[Task material]:
######
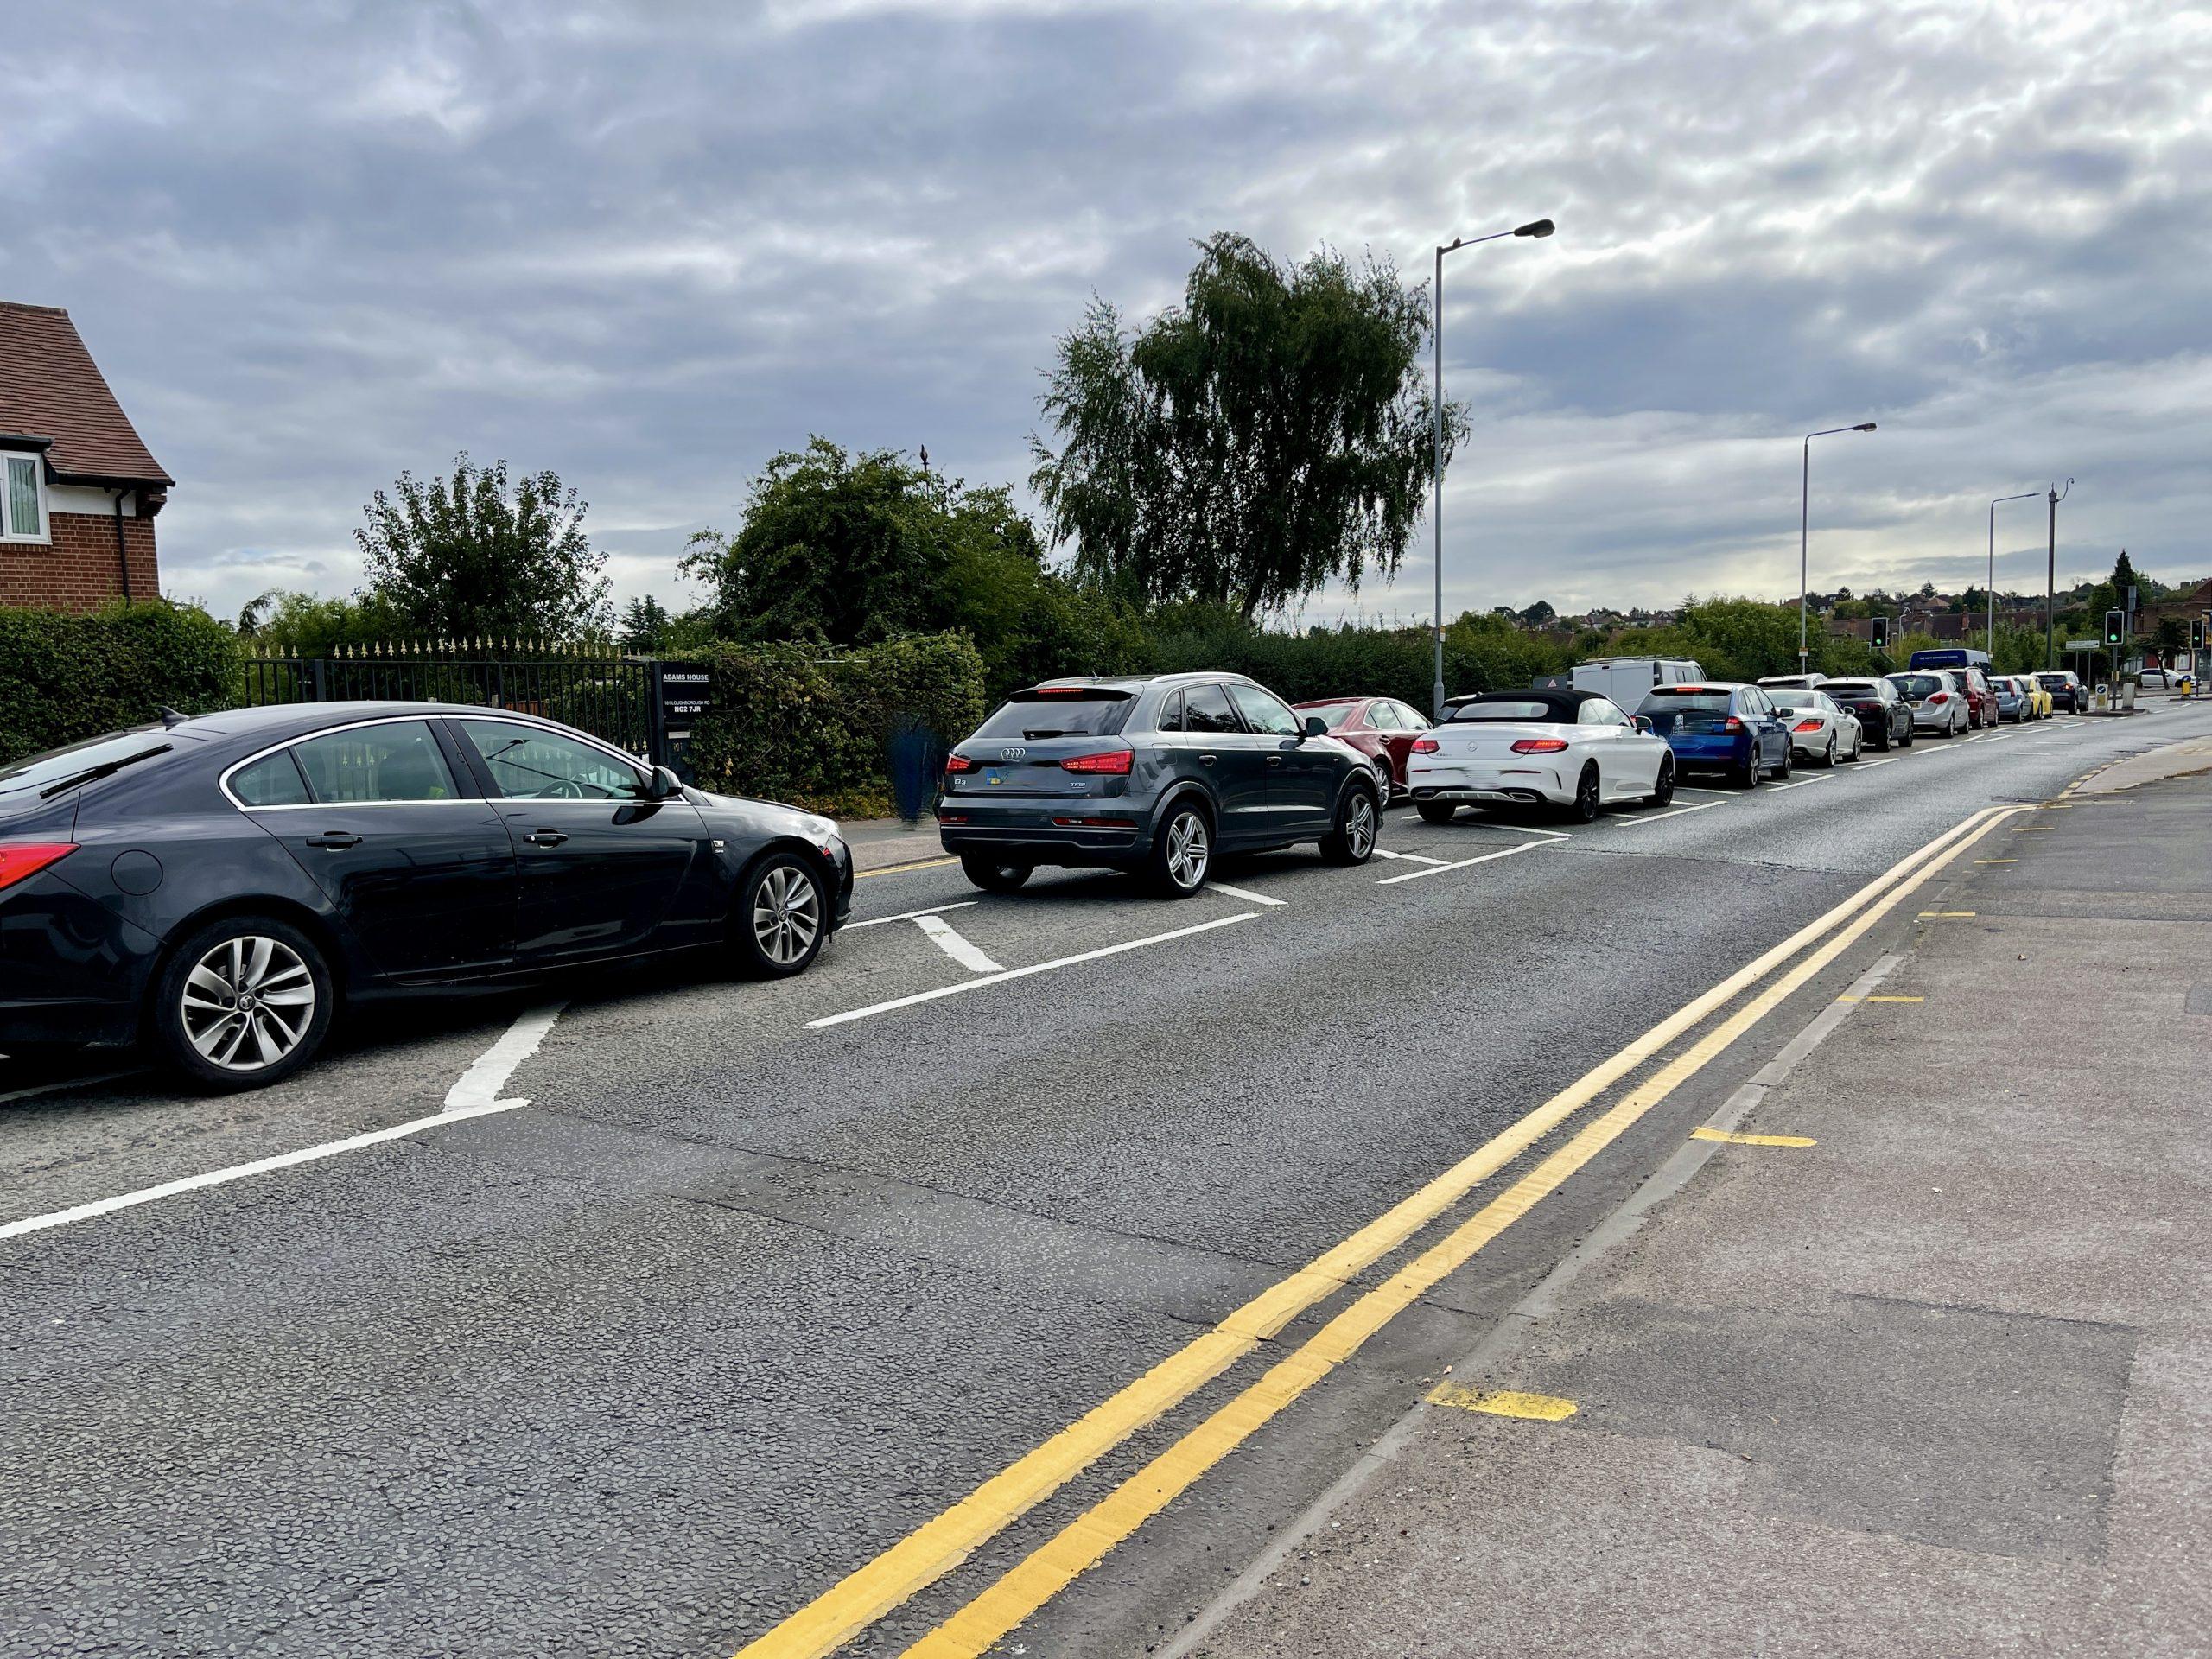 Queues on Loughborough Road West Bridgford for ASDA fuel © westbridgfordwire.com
######
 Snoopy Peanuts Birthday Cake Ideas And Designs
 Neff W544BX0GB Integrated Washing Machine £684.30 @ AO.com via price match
######
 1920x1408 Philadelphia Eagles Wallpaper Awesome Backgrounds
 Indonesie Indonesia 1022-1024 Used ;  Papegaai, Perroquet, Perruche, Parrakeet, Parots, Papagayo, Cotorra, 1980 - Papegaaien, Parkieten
######
The response should be the listing above, limited to the lines between the one holding "Snoopy Peanuts Birthday" and the one holding "Neff W544BX0GB Integrated", inclusive, reproduced exactly.

[Solution to the problem]:
 Snoopy Peanuts Birthday Cake Ideas And Designs
 Neff W544BX0GB Integrated Washing Machine £684.30 @ AO.com via price match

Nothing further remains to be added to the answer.